Sturgeon says Scotland considering becoming ‘friend’ of group pushing for the phase out of oil and gas
The Scottish Government may reassess joining an international alliance on phasing out oil and gas after publication of its energy strategy later this year.
However, it is only considering becoming a “Friend” of the Beyond Oil and Gas Alliance (BOGA) – the lowest tier of membership – despite likely qualifying for higher tiers.
Friends of the Earth Scotland has encouraged the government to demonstrate “full commitment” to the climate by joining at the highest level possible.
The group also urged ministers to “get serious” about a timeline for phasing out North Sea production.
BOGA was launched at COP26 in Glasgow in November last year, but the Scottish Government opted not to join at the time.
Correspondence released to Holyrood as part of a Freedom of Information request revealed officials advised against joining while work was underway to refresh the energy strategy.
A memo also warned there was “significant risk in terms of messaging for both the offshore workforce and the sector” if the government signed up to BOGA.
This is despite a comparison between BOGA requirements and current government policy suggesting some alignment already.
To become an Associate member of BOGA, governments must adhere to at least one of the following:
- domestic subsidy reform as part of a plan to end subsidies that support oil and gas
- end international public financial support for production abroad
- ended public financing for fossil fuel research and development activities
- implemented other significant measures that contribute to reducing the supply oil and gas on the global market
- signal an interest in developing Paris-aligned commitments for oil and gas production before 2025
The Scottish Government ended support for production abroad in November and officials also advised pre-existing policy positions “could demonstrate alignment” on subsidy reform.
However, advisers warned that “joining BOGA at this time would be to depart from this existing policy position and would pre-judge the outcome of the analytical work now underway”.
But they added BOGA membership “could be revisited upon the conclusion” of this programme of work.
Speaking last November, First Minister Nicola Sturgeon said her government would remain in “active discussions” about membership but added that decreasing reliance on oil and gas must not leave people “on the economic scrapheap”.
She said: "I’ve discussed possible membership of Scotland with Danish ministers directly. I would expect us, over the next period, to associate ourselves in one of those categories of membership."
A letter to the chairs of BOGA from the FM, also released under FOI laws, confirmed the government would seek to become a “Friend” of the alliance.
She wrote: “To support our transition domestically, the Scottish Government will publish a new energy strategy next year. To inform the strategy, we are carrying out an analysis of Scotland's energy requirements as we move to net zero.
“This research will help us determine how the sector can help deliver our contribution to the Paris targets, and how meeting our own energy needs can help build a new low-emission energy industry. Absolutely central to our work will be protecting and supporting those who currently work in oil and gas.

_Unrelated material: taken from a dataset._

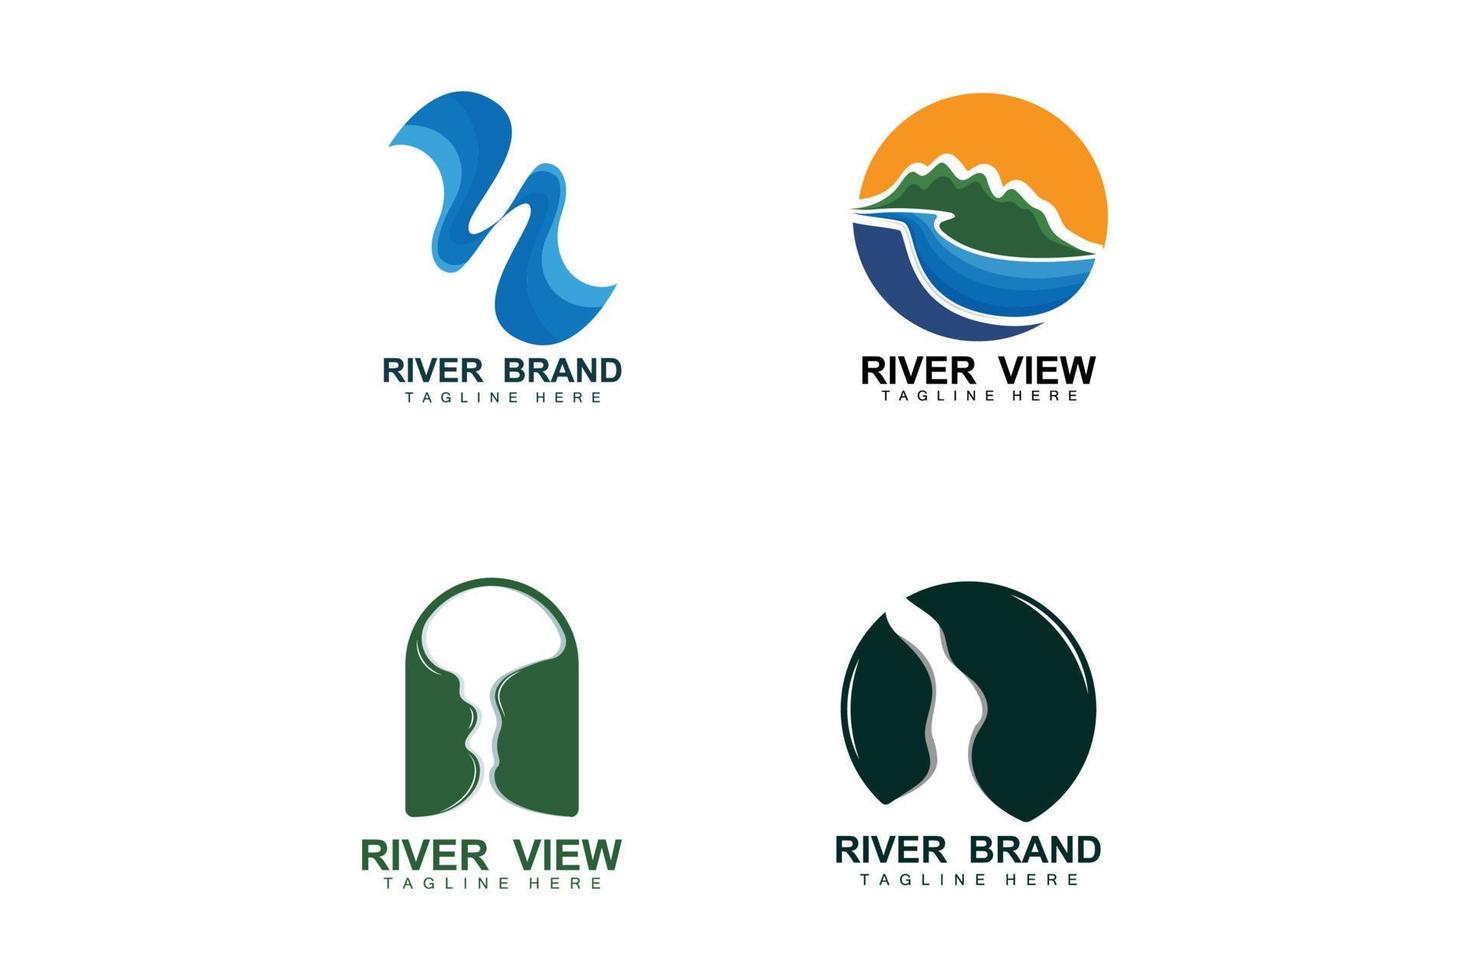 design de logotipo do rio, vetor de riacho do rio, ilustração ribeirinha com uma combinação de montanhas e natureza, marca do produto

“As our evidence base grows, I would ask that we remain in contact, sharing knowledge and working towards Scotland becoming a Friend of BOGA.”
She also wrote to Oil and Gas UK confirming this intention.
The energy strategy is set to be published this spring, alongside a just transition plan.
Caroline Rance from Friends of the Earth said: “At a minimum, the Scottish Government should join as a ‘Friend’ of the Beyond Oil and Gas Alliance to support the aims of winding down oil and gas production.
“But of course, we urge them to do everything within their powers to go further, to recognise that there can be no new oil and gas fields if we’re to limit warming to 1.5C and to play their full part in delivering a managed phase out of oil and gas production and a just transition for workers. To show their full commitment, the Scottish Government should join the alliance at the highest level for which they are eligible.
“If the Scottish Government is serious about delivering a just transition, they need to get serious about the timeline for a managed phase out of oil and gas production in the North Sea.”
The Welsh Government joined the alliance as a founding Core member in November.
The UK Government said it had no plans to join.